我认为如你所说,你必须包装 IntSet
。但是,不是单独定义每个ID类型,您可以引入一个幻像类型来创建 ID
s和 IDSet
{ - #LANGUAGE GeneralizedNewtypeDeriving# - }
导入 (Eq,Ord,Show,Num)Data.IntSet作为IntSet
导入Data.IntSet(IntSet)
newtype ID a = ID {unID :: Int}
newtype IDSet a = IDSet {unIDSet :: IntSet}
deriving(Eq,Ord,Show)
$ b $ null :: IDSet a - > Bool
null = IntSet.null。 unIDSet
成员:: ID a - > IDSet a - > Bool
成员i = IntSet.member(unID i)。 unIDSet
empty :: IDSet a
empty = IDSet $ IntSet.empty
singleton :: ID a - > ID设置
singleton = IDSet。 IntSet.singleton。 unID
insert :: ID a - > IDSet a - > IDSet a
插入i = IDSet。 IntSet.insert(unID i)。 unIDSet
delete :: ID a - > IDSet a - > IDSet a
删除i = IDSet。 IntSet.delete(unID i)。因此,假设你有一个 Person
>类型和组类型,您可以执行:
type PersonID = ID Person
类型PersonIDSet = IDSet Person
类型GroupID = ID Group
类型GroupIDSet = IDSet Group
Thanks to newtype
and the GeneralizedNewtypeDeriving
extension, one can define distinct lightweight types with little effort:
newtype PersonId = PersonId Int deriving (Eq, Ord, Show, NFData, ...)
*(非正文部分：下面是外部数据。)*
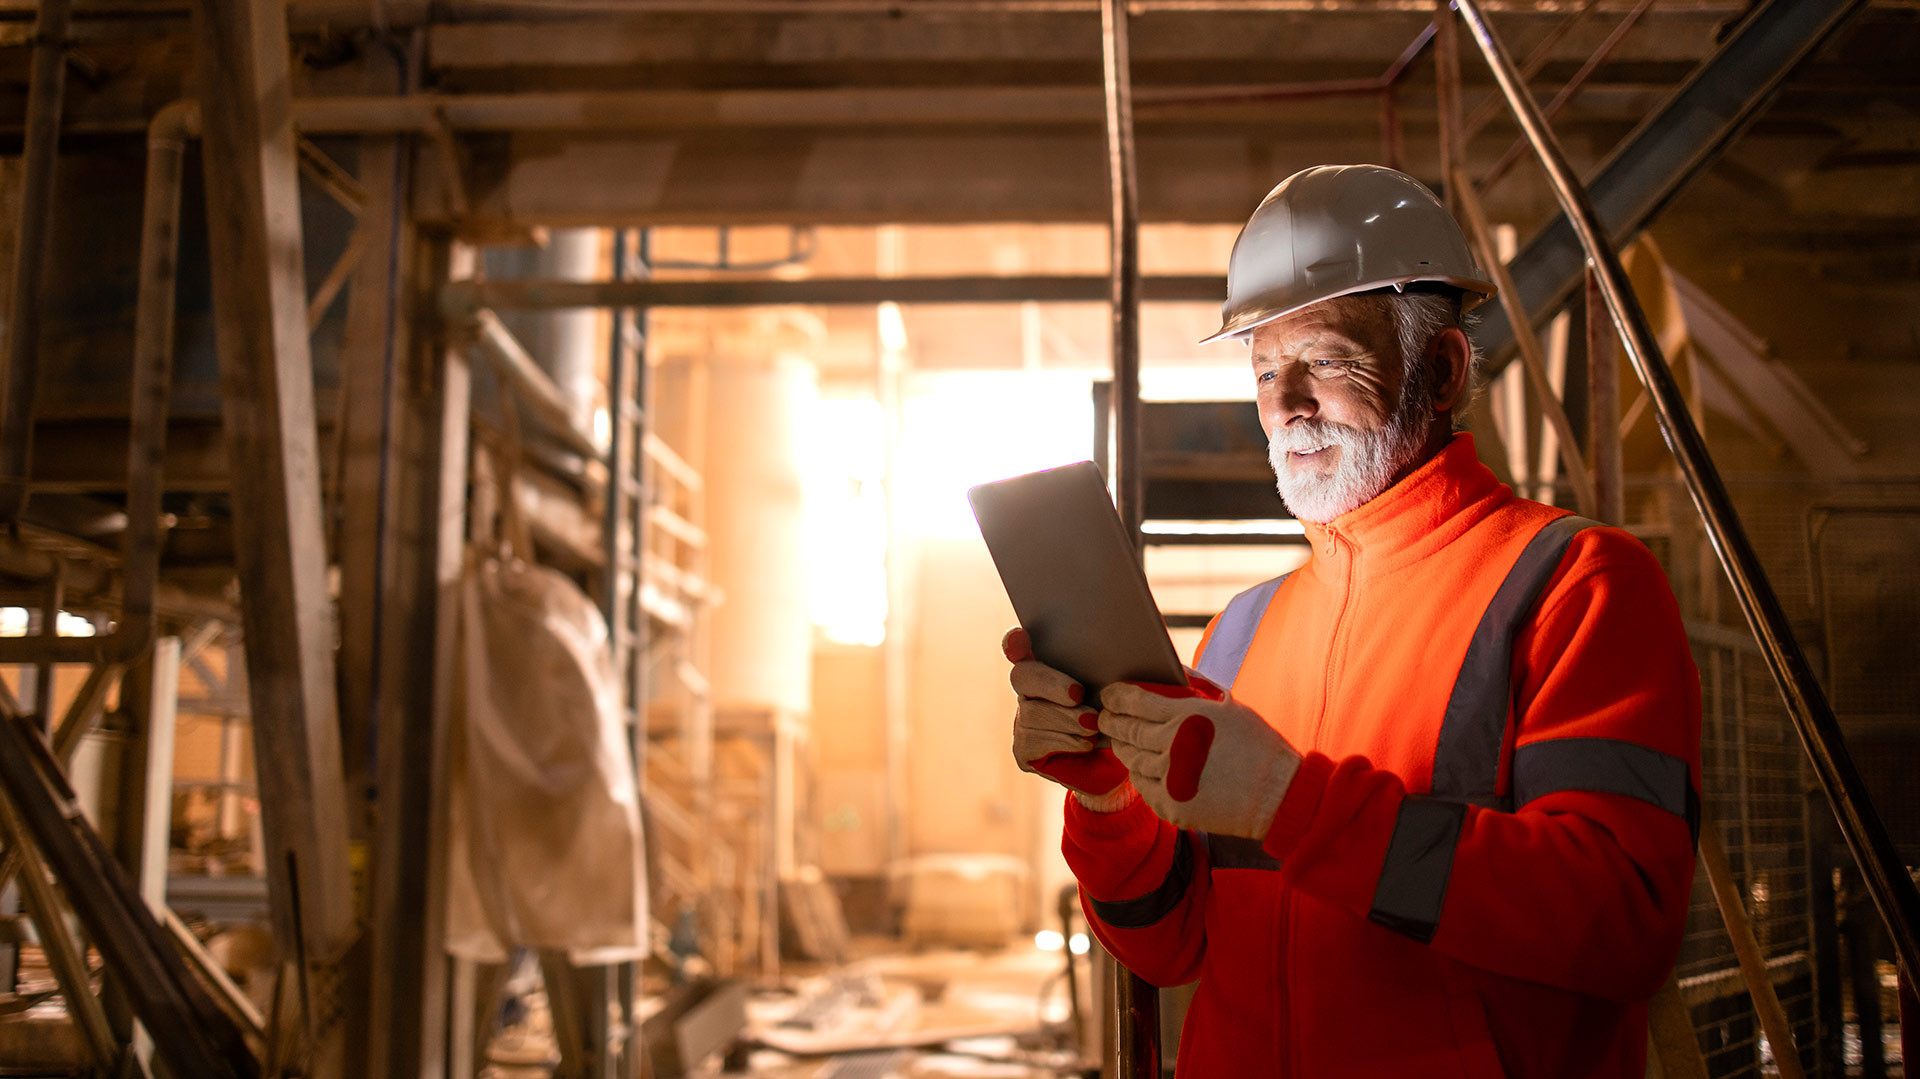 Bild: Mann in Schutzkleidung liest auf dem Tablet in Fabrikhalle
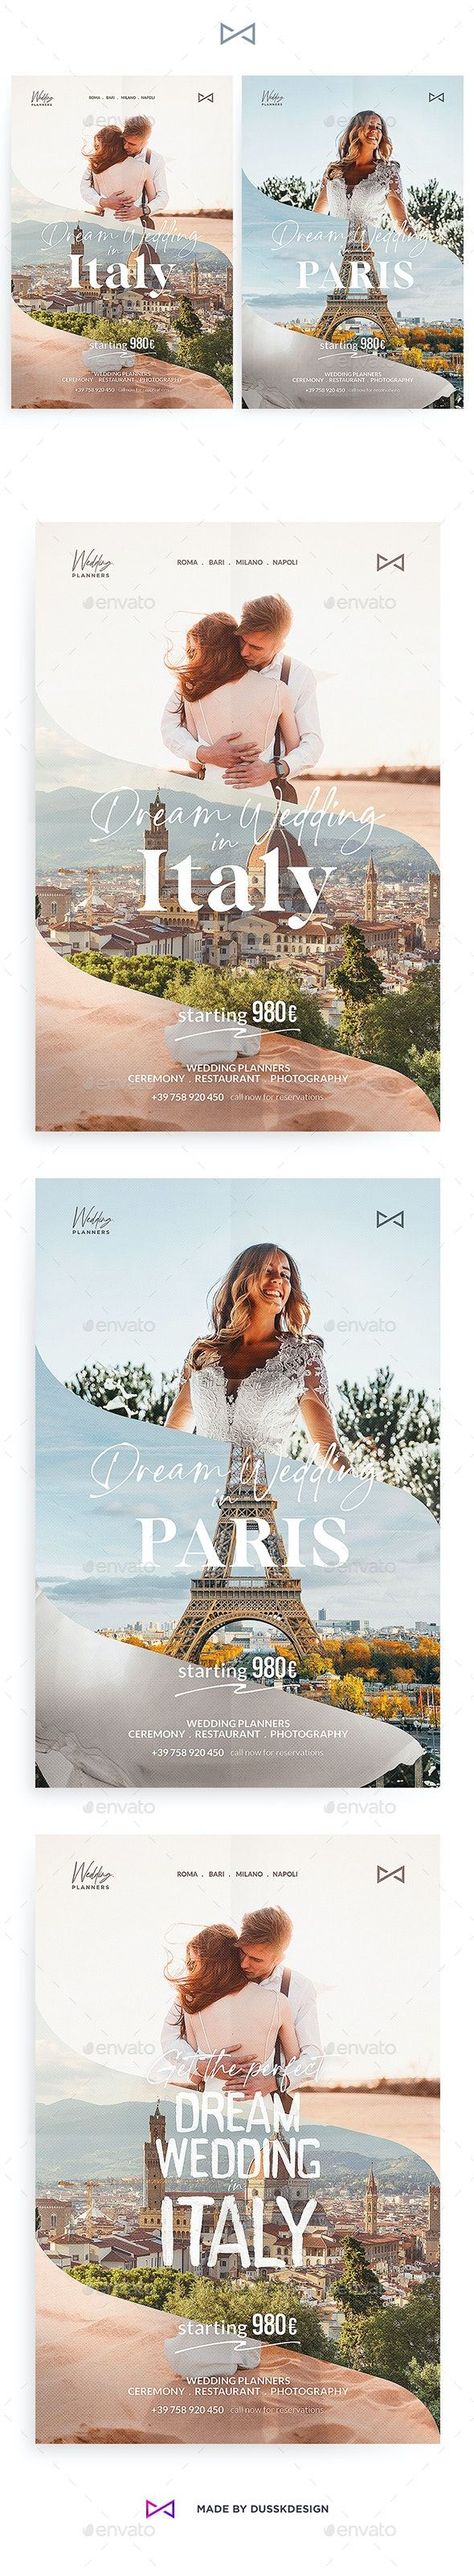 Wedding Planner Poster Wedding Planner Poster, Typography Ads, Wedding Graphic Design, Cat Design Illustration, Wedding Typography, Wedding Graphics, Travel Ads, Portfolio Website Design, Typography Layout

newtype GroupId = GroupId Int deriving (Eq, Ord, Show, NFData, ...)
which allows the type-system to make sure a PersonId
is not used by accident where a GroupId
was expected, but still inherit selected typeclass instances from Int
.
Now one could simply define PersonIdSet
and GroupIdSet
as
import Data.Set (Set)
import qualified Data.Set as Set
type PersonIdSet = Set PersonId
type GroupIdSet = Set GroupId
noGroups :: GroupIdSet
noGroups = Set.empty
-- should not type-check
foo = PersonId 123 `Set.member` noGroups
-- should type-check
bar = GroupId 123 `Set.member` noGroups
which is type safe, since map is parametrized by the key-type, and also, the Set.member
operation is polymorphic so I don't need to define per-id-type variants such as personIdSetMember
and groupIdSetMember
(and all other set-operations I might want to use)
...but how can I use the more efficient IntSet
s instead for PersonIdSet
and GroupIdSet
respectively in a similiar way to the example above? Is there a simple way w/o having to wrap/replicate the whole Data.IntSet API as a typeclass?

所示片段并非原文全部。